(DIRECTIONS FOR THIS TASK): Restate the listing below word for word; no picture is to be carried over.
*** Opening of DATA ***
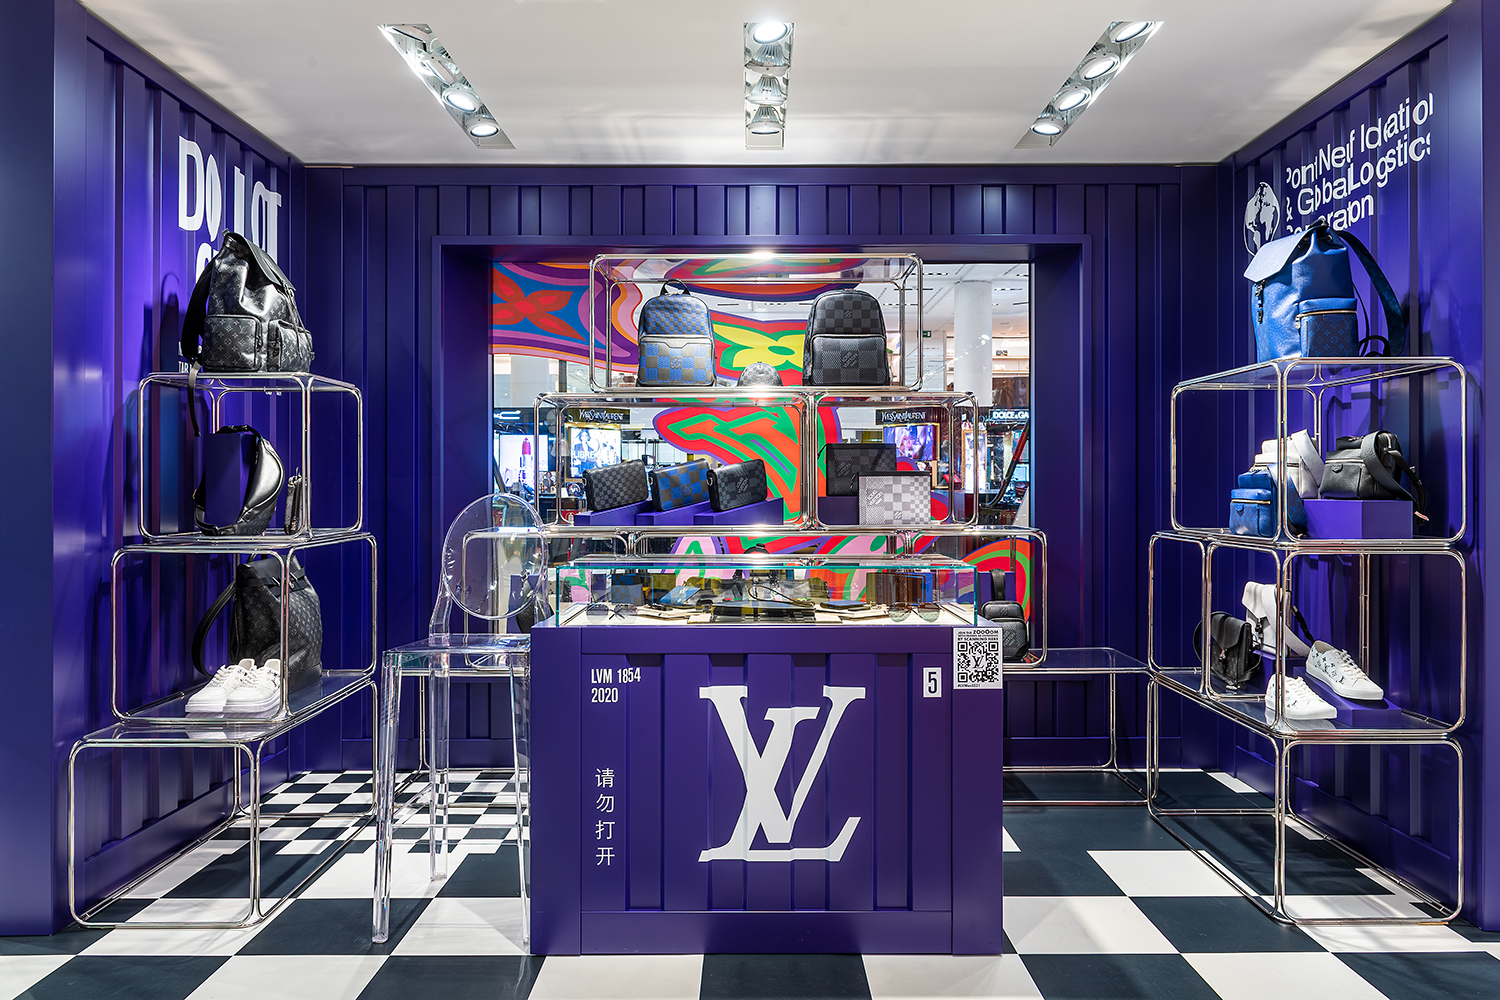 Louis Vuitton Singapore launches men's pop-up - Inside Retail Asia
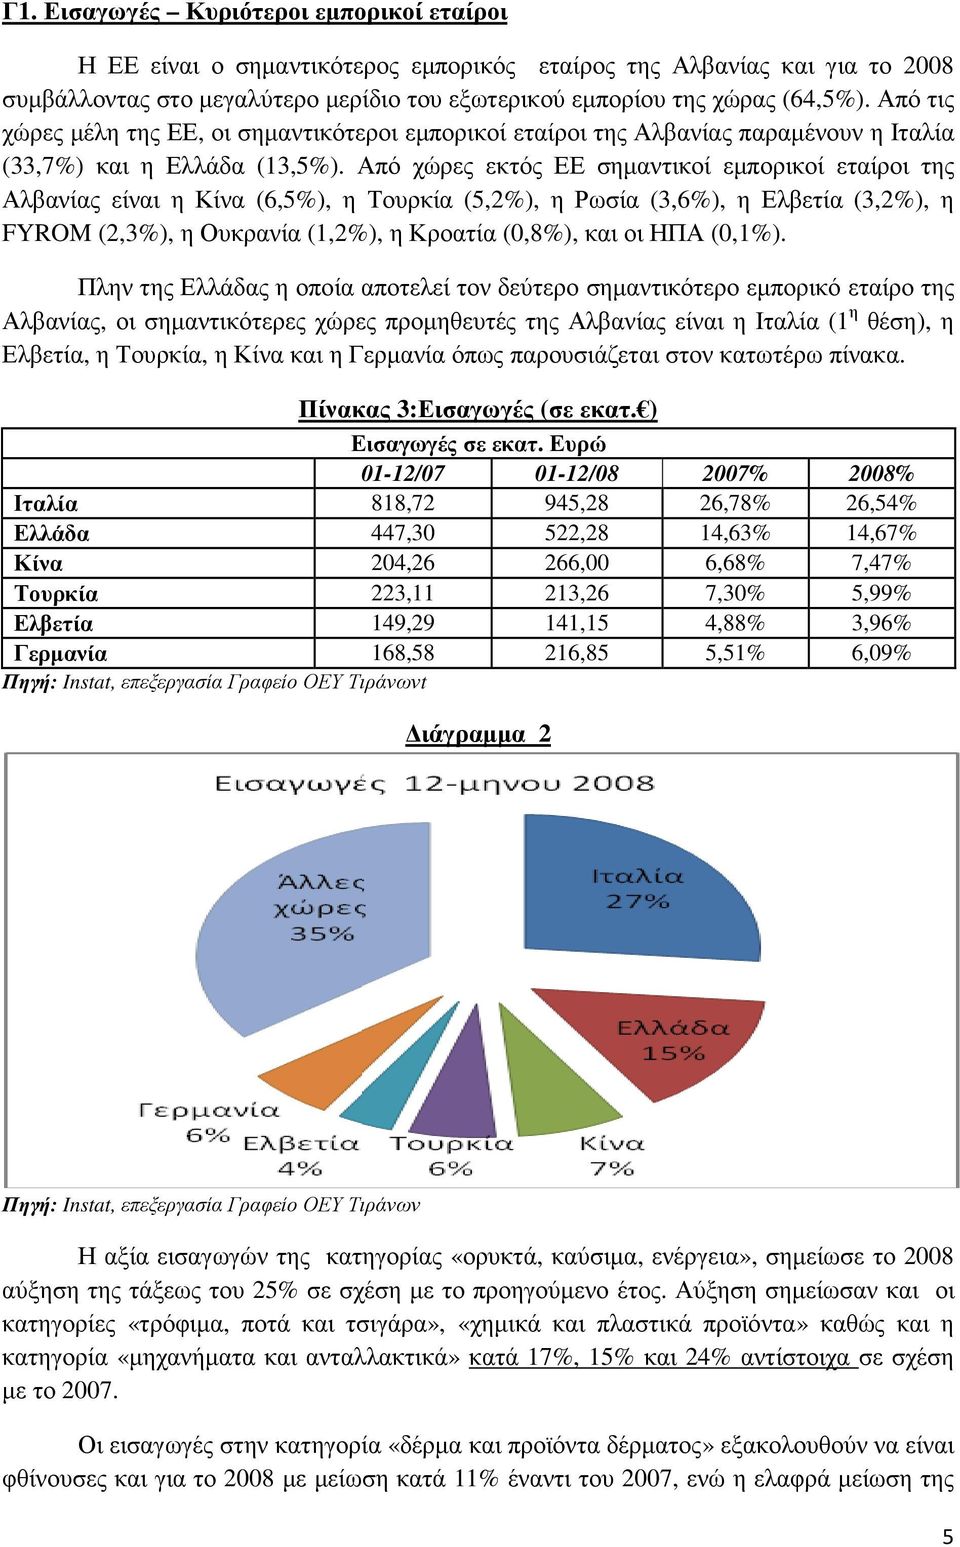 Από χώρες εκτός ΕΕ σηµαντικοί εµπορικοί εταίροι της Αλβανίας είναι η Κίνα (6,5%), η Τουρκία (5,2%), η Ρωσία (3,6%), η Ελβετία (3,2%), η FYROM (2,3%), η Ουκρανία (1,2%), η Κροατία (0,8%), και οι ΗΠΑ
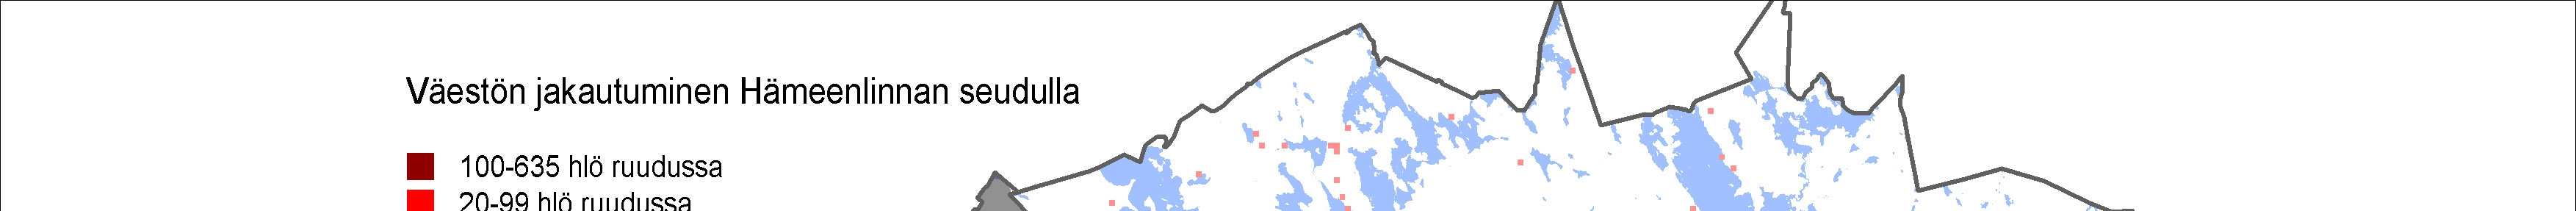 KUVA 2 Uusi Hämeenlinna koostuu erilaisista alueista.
*** Close of DATA ***
(RESPONSE AREA):
 Louis Vuitton Singapore launches men's pop-up - Inside Retail Asia
 Από χώρες εκτός ΕΕ σηµαντικοί εµπορικοί εταίροι της Αλβανίας είναι η Κίνα (6,5%), η Τουρκία (5,2%), η Ρωσία (3,6%), η Ελβετία (3,2%), η FYROM (2,3%), η Ουκρανία (1,2%), η Κροατία (0,8%), και οι ΗΠΑ
 KUVA 2 Uusi Hämeenlinna koostuu erilaisista alueista.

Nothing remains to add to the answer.